Recent progress in Machine Learning (ML) and especially in Deep Learning has made ML present and prominent in a wide range of applications. However, current and efficient ML approaches rely on complex numerical models. Then, the decisions which are proposed may be accurate but cannot be easily explained to the layman, especially in some cases where complex and human-oriented decisions should be made, e.g. to get a loan or not, to obtain a chosen enrollment at university. The objectives of the HyAIAI IPL are to study the problem of making ML methods interpretable. For that, we will design hybrid ML approaches that combine state of the art numerical models (e.g. neural networks) with explainable symbolic models (e.g. pattern mining). More precisely, one goal is to integrate high level domain constraints into ML models, to provide model designers information on ill-performing parts of the model, and to give the layman/practitioner understandable explanations on the results of the ML model.

The HyAIAI IPL project involves seven Inria Teams, namely Lacodam in Rennes (project leader), Magnet and SequeL in Lille, Multispeech and Orpailleur in Nancy, and TAU in Saclay.

Ordem (ADT 2019-2020)

One of the outputs of the former Hybride ANR project was the Orphamine system which aims at information retrieval and diagnosis aid in the domain of “rare diseases”. The Orphamine system is based on domain knowledge, and in particular on medical ontologies such as ORDO (“Orphanet Rare Diseases Ontology”) and HPO (“Human Phenotype Ontology”). In this way, the objective of the “Ordem” ADT is to update Orphamine, in making the system more accessible and more open. This requires many developments for developing the connections with domain knowledge, graph mining methods for retrieving relevant units in knowledge graphs, actual visualization tools, pattern mining, statistical decision tools for decision making (in particular log-linear models), and as well text mining tools for analyzing expert queries and medical literature about rare diseases. Such developments are and will be carried out until the end of next year, for making the system robust and publicly accessible through a web interface.

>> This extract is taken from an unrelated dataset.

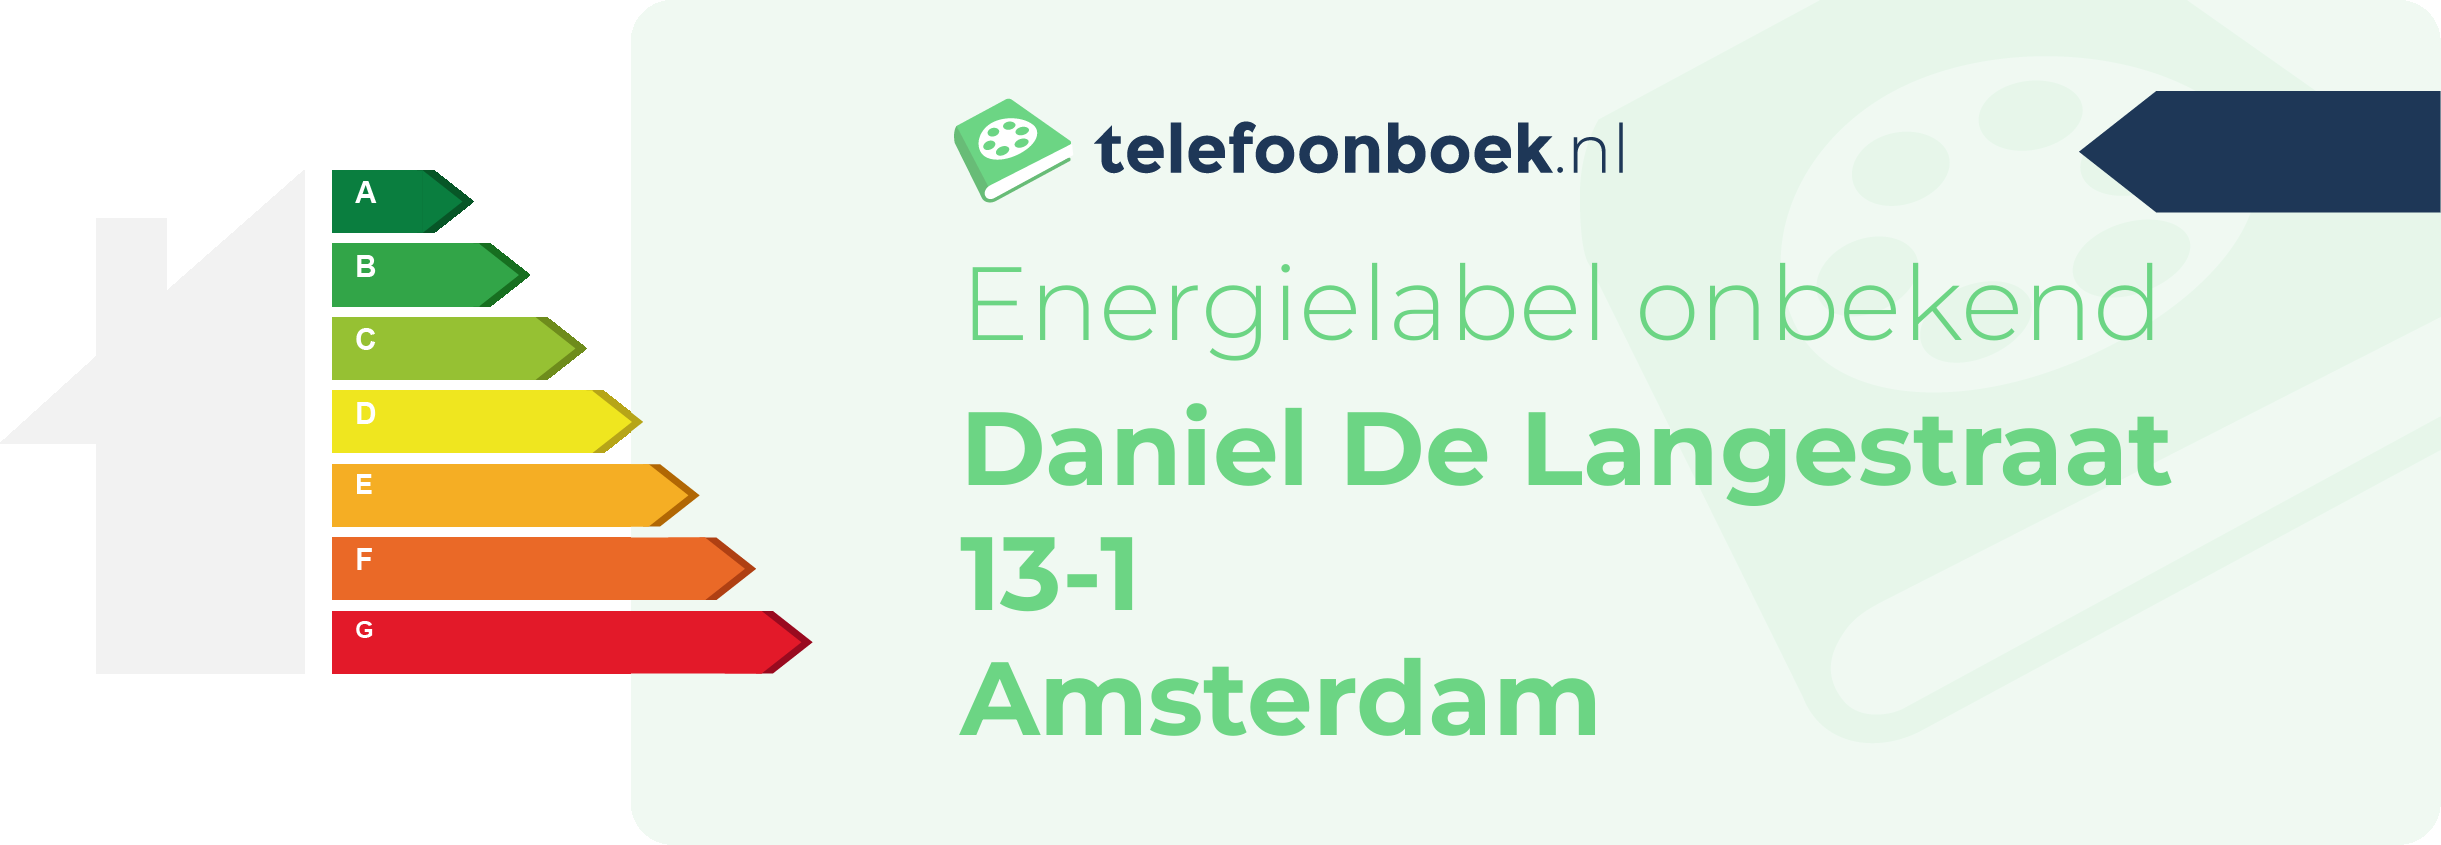 Energielabel Daniel De Langestraat 13-1 Amsterdam

HyGraMi (PRE Inria 2018-2020)

Finally, the so called “projet de recherche exploratoire” (PRE) HyGraMi for “Hybrid Graph Mining for the Design of New Antibacterials” is about the fight against resistance of bacteria to antibiotics. The objective of HyGraMi is to design a hybrid data mining system for discovering new antibacterial agents. This system should rely on a combination of numeric and symbolic classifiers, that will be guided by expert domain knowledge. The analysis and classification of the chemical structures is based on an interaction between symbolic methods e.g. graph mining techniques, and numerical supervised classifiers based on exact and approximate matching. This year we work on a method based on tree decomposition for performing feature selection and improving data lining of such complex molecular structures [49].